The UserManagementService service contains methods to manage users and handle permissions. These methods resemble common Unix commands such as chown or chmod. As with other services, UserManagementService can be retrieved from a collection object, as in:

UserManagementService service =
(UserManagementService)collection.getService("UserManagementService", "1.0");

Another service called DatabaseInstanceManager, provides a single method to shut down the database instance accessed by the driver. You have to be a member of the dba user group to use this method or an exception will be thrown. See the Deployment Guide for an example.

Finally, interface IndexQueryService supports access to the terms and elements contained in eXist's internal index. Method getIndexedElements() returns a list of element occurrences for the current collection. For each occurring element, the element's name and a frequency count is returned.

Method scanIndexTerms() allows for a retrieval of the list of occurring words for the current collection. This might be useful, for example, to provide users a list of searchable terms together with their frequency.

5.2. Multiple Database Instances

As explained above, passing a local XML:DB URI to the DatabaseManager means that the driver will try to start or access an embedded database instance. You can configure more than one database instance by setting the location of the central configuration file. The configuration file is set through the configuration property of the DatabaseImpl driver class. If you would like to use different drivers for different database instances, specify a name for the created instance through the database-id property. You may later use this name in the URI to refer to a database instance. The following fragment sets up two instances:

Example: Multiple Database Instances

// initialize driver
String driver = "org.exist.xmldb.DatabaseImpl";
Class cl = Class.forName(driver);			
Database database1 = (Database)cl.newInstance();
database1.setProperty("create-database", "true");
database1.setProperty("configuration", "/home/exist/test/conf.xml");
database1.setProperty("database-id", "test");
DatabaseManager.registerDatabase(database1);

Database database2 = (Database)cl.newInstance();
database2.setProperty("create-database", "true");
database2.setProperty("configuration", "/home/exist/production/conf.xml");
database2.setProperty("database-id", "exist");
DatabaseManager.registerDatabase(database1);

With the above example, the URI

xmldb:test:///db

selects the test database instance. Both instances should have their own data and log directory as specified in the configuration files.

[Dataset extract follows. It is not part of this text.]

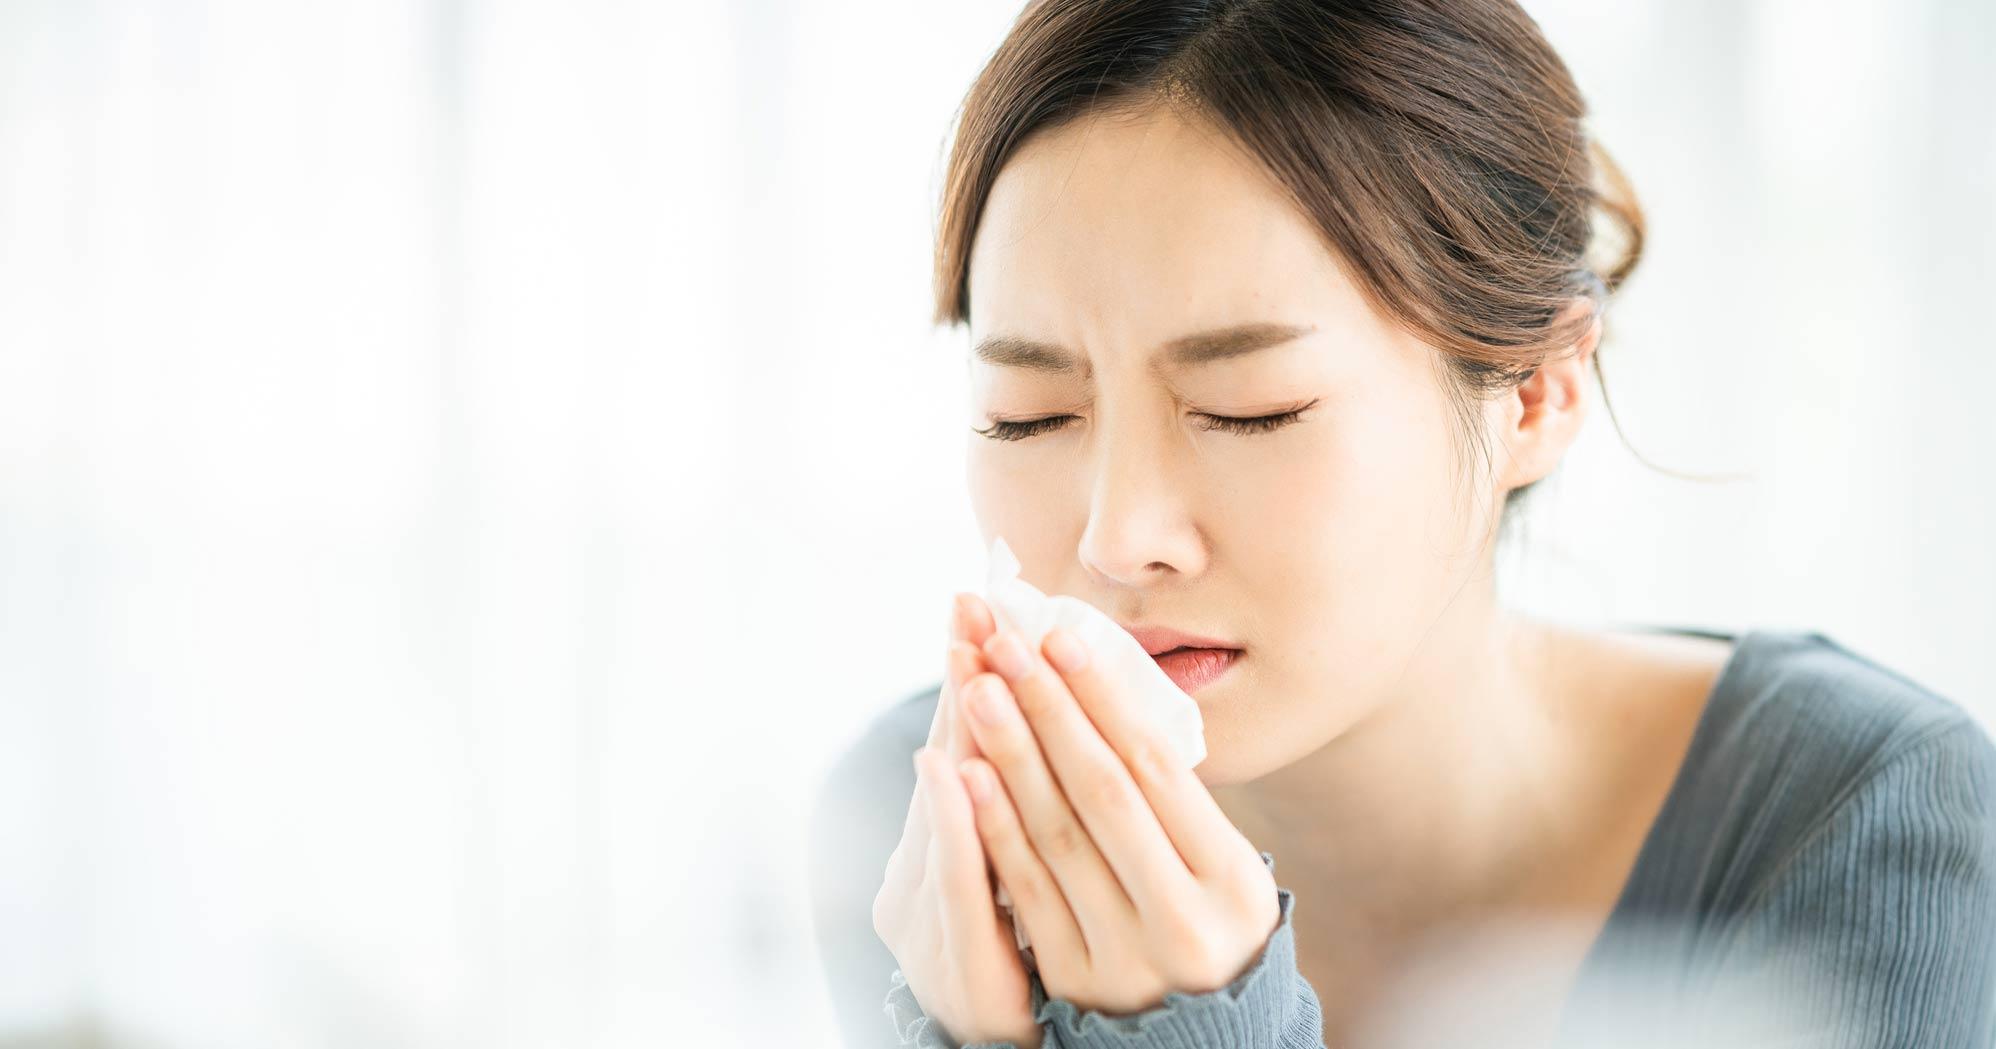 「花粉症薬が保険適用外に」医療費約600億円削減でも現役医師が困る理由とは?

6. XMLDBTransformer for Cocoon

eXist offers several ways to access the database from Cocoon-based applications. This includes access via the XMLDB pseudo-protocol, through XSP pages, and through the XMLDBTransformer. The XMLDBTransformer provides a simple way to query the database, and works in a similar way to other transformers supplied with Cocoon. Consult the Cocoon documentation for more on using Transformers and about their basic concepts.

As with other transformers, the XMLDBTransformer listens for a limited set of tags that belong to the namespace http://exist-db/transformer/1.0. These are <collection> , <for-each> , <select-node> , <current-node> . To examine how they are used, let's consider the following example (Note that the complete version of this example can be found at webapp/examples/simple2.xml):

Example: XMLDBTransformer Example


<xdb:collection xmlns:xdb="http://exist-db.org/transformer/1.0"
uri="xdb:exist:///db">
<!-- iterate through all rdf:Description elements containing the
term "computer" -->
<xdb:for-each query="//rdf:Description[dc:title &amp;= 'computer']"
from="0" to="9" sort-by="/dc:title">
<!-- output a book element for each entry -->
<book>
<!-- extract the title. There's only one title, so we use
select-node -->
<title><xdb:select-node query="dc:title/text()"/></title>
<!-- extract the creators. There's probably more than one,
so we use a nested for-each -->
<xdb:for-each query="dc:creator/text()">
<creator><xdb:current-node/></creator>
</xdb:for-each>
</book>
</xdb:for-each>
</xdb:collection>

As we can see above, before you can start to query the database, you must specify a collection in the <collection> element, which accepts a standard XMLDB URI in its uri attribute. To process a query, you may either use the <for-each> , or the <select-node> tag. The difference is the following:

The <current-node> element is used to return the current node being processed in a for-each iteration to the output document. You can restrict the number of for-each iterations by specifying the bounds set by the from and to attributes. The sort-by attribute is still experimental: the query results will be sorted by an XPath expression. For each of the results, the XPath expression is evaluated and the resulting string value is used to sort the query results in ascending order.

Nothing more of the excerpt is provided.